▶ _DATA BLOCK_:
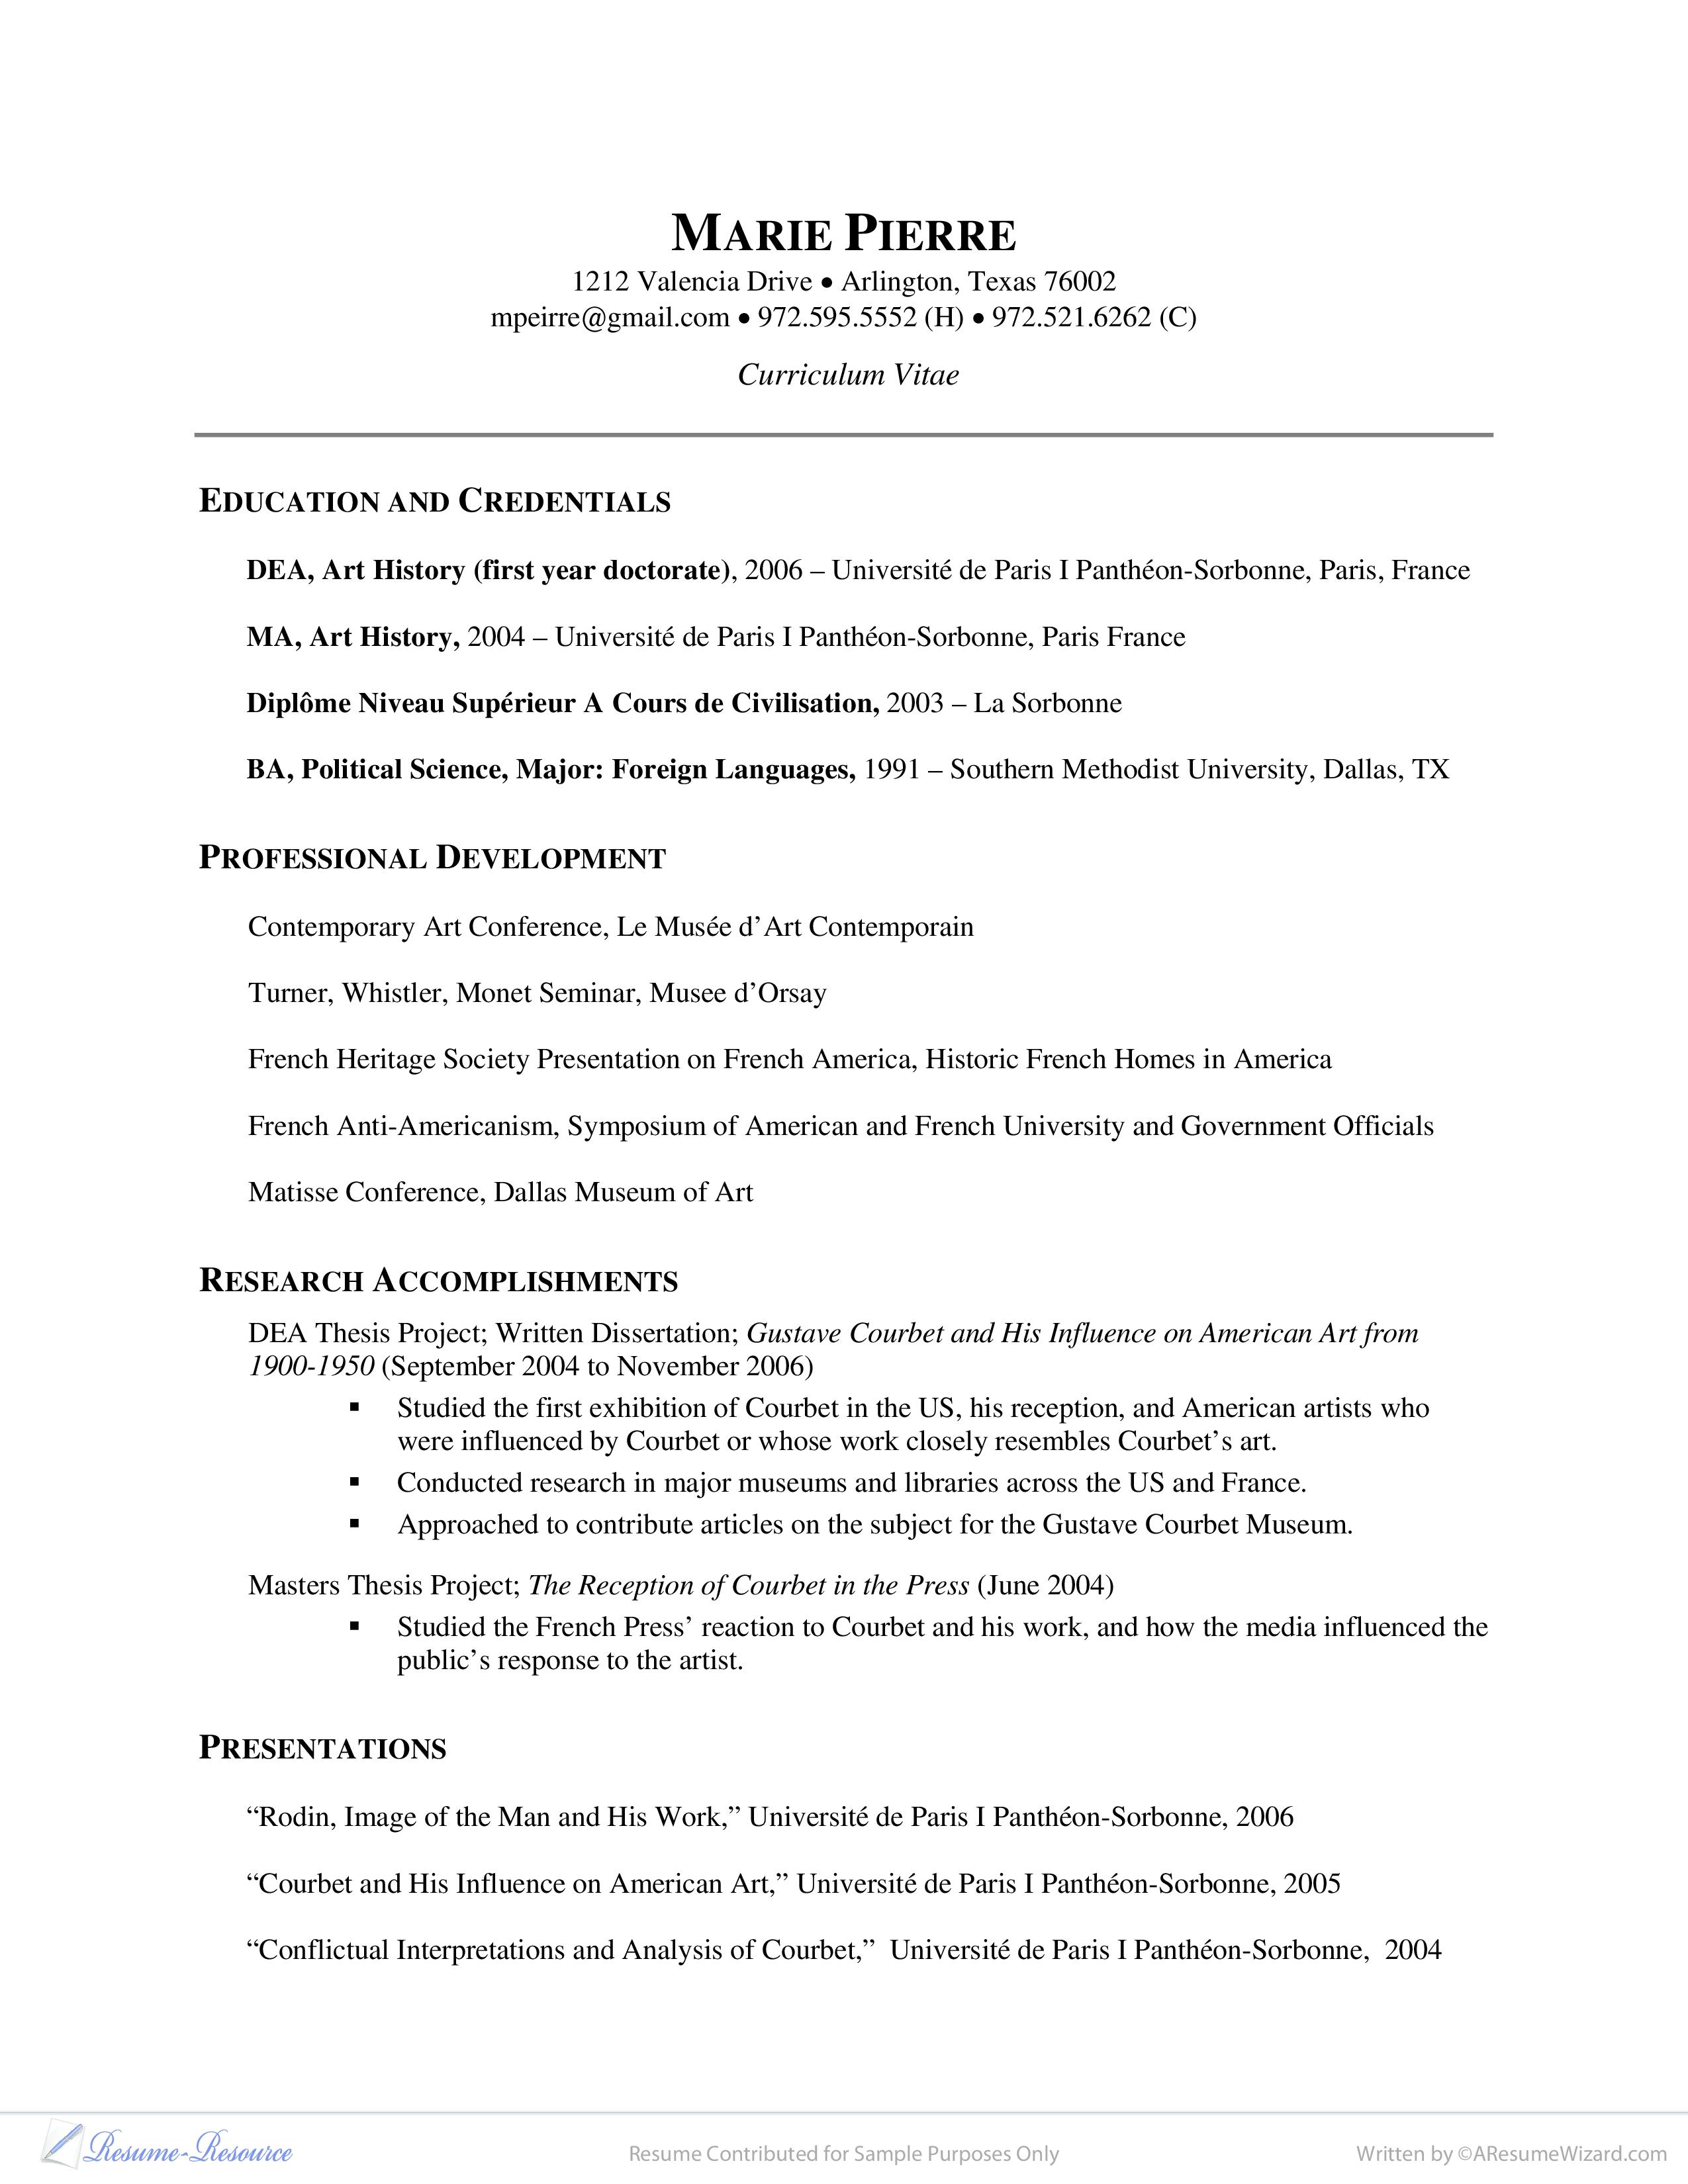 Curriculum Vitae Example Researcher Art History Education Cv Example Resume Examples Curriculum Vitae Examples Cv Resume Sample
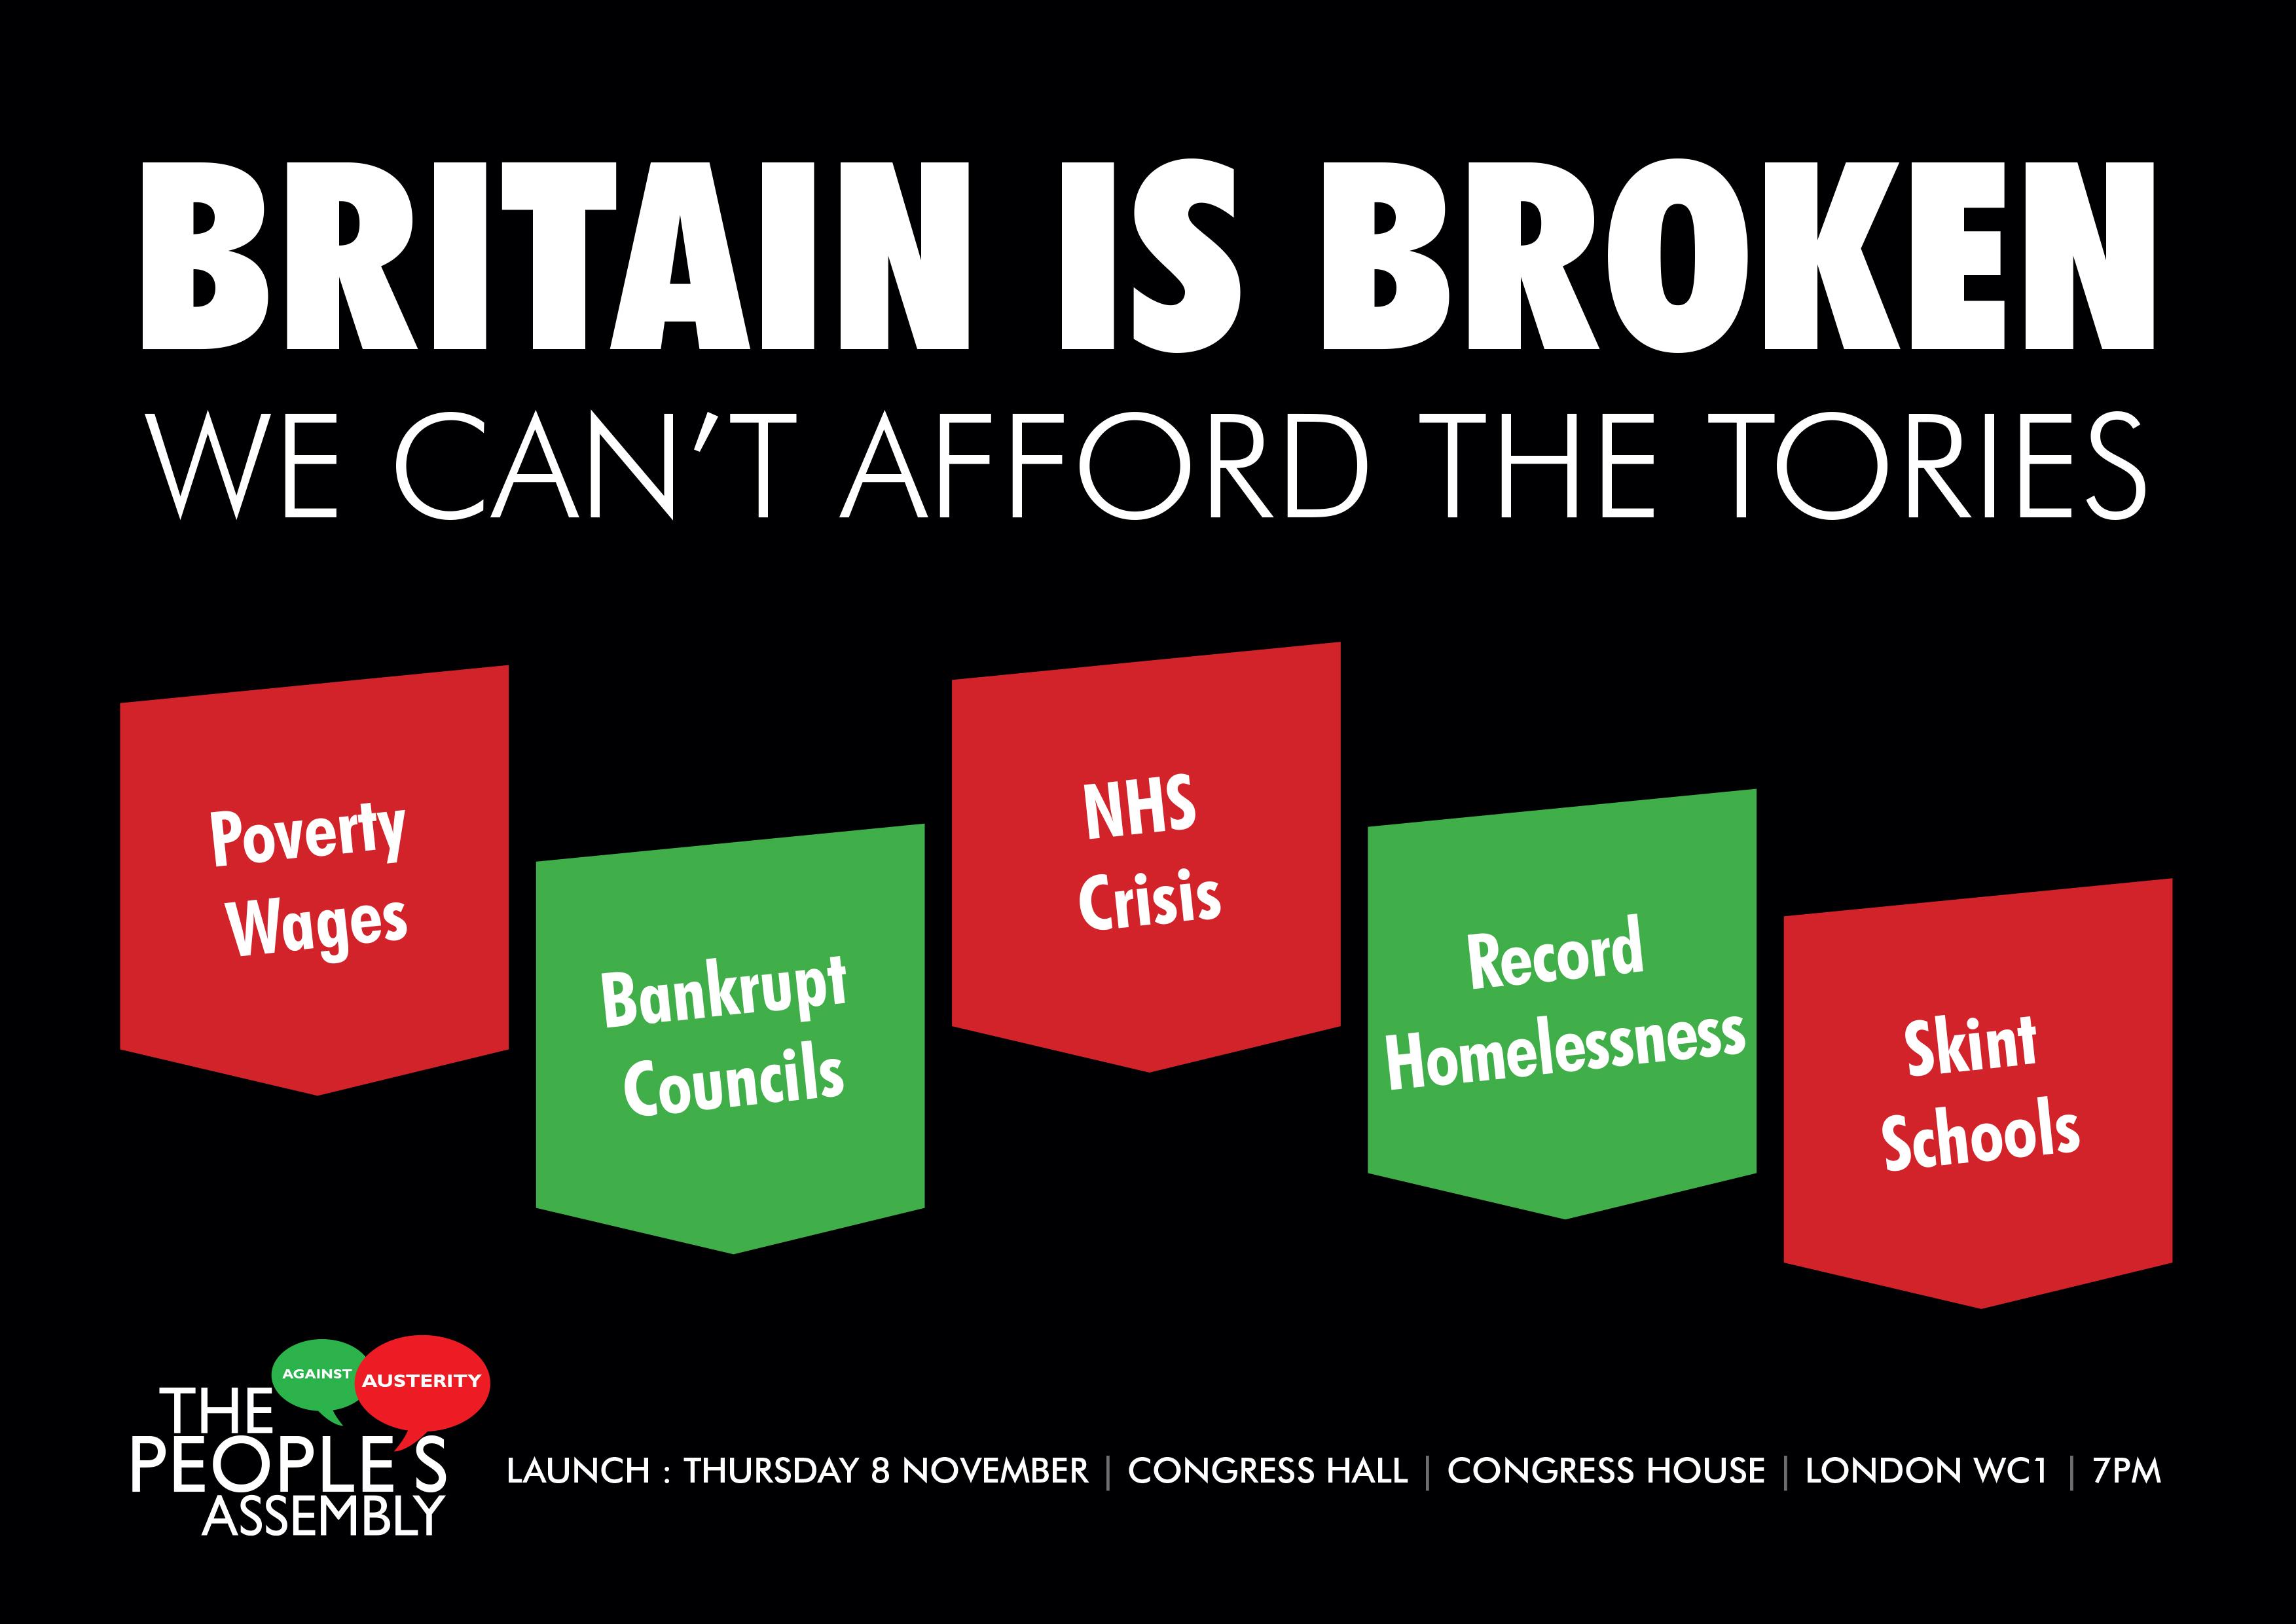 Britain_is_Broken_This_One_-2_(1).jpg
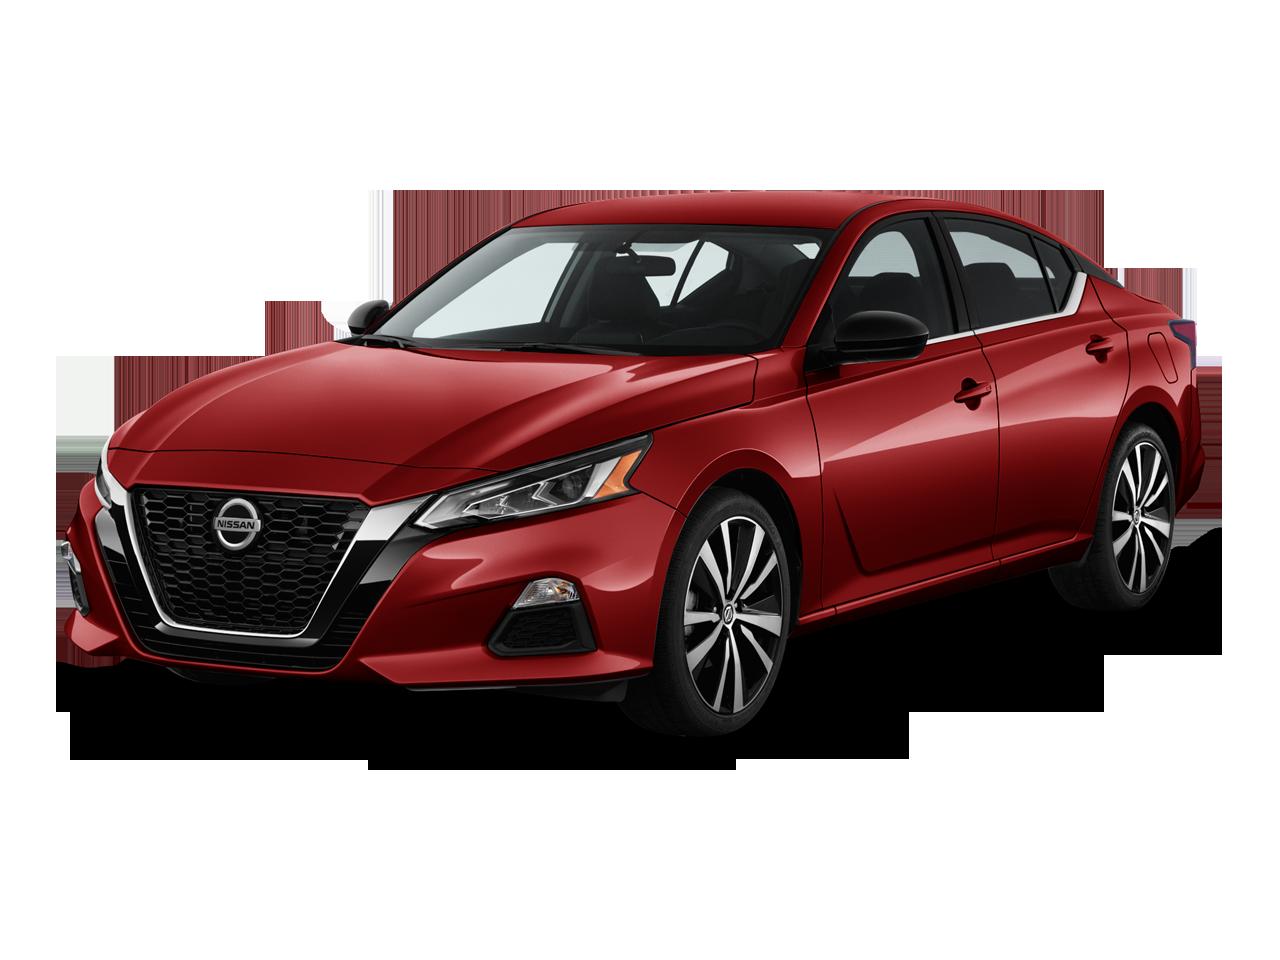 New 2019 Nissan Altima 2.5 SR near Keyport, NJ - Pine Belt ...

▶ _ASSIGNMENT_: Reproduce the listing above exactly, excluding all pictures.

▶ _TASK ANSWER_:
 Curriculum Vitae Example Researcher Art History Education Cv Example Resume Examples Curriculum Vitae Examples Cv Resume Sample
 Britain_is_Broken_This_One_-2_(1).jpg
 New 2019 Nissan Altima 2.5 SR near Keyport, NJ - Pine Belt ...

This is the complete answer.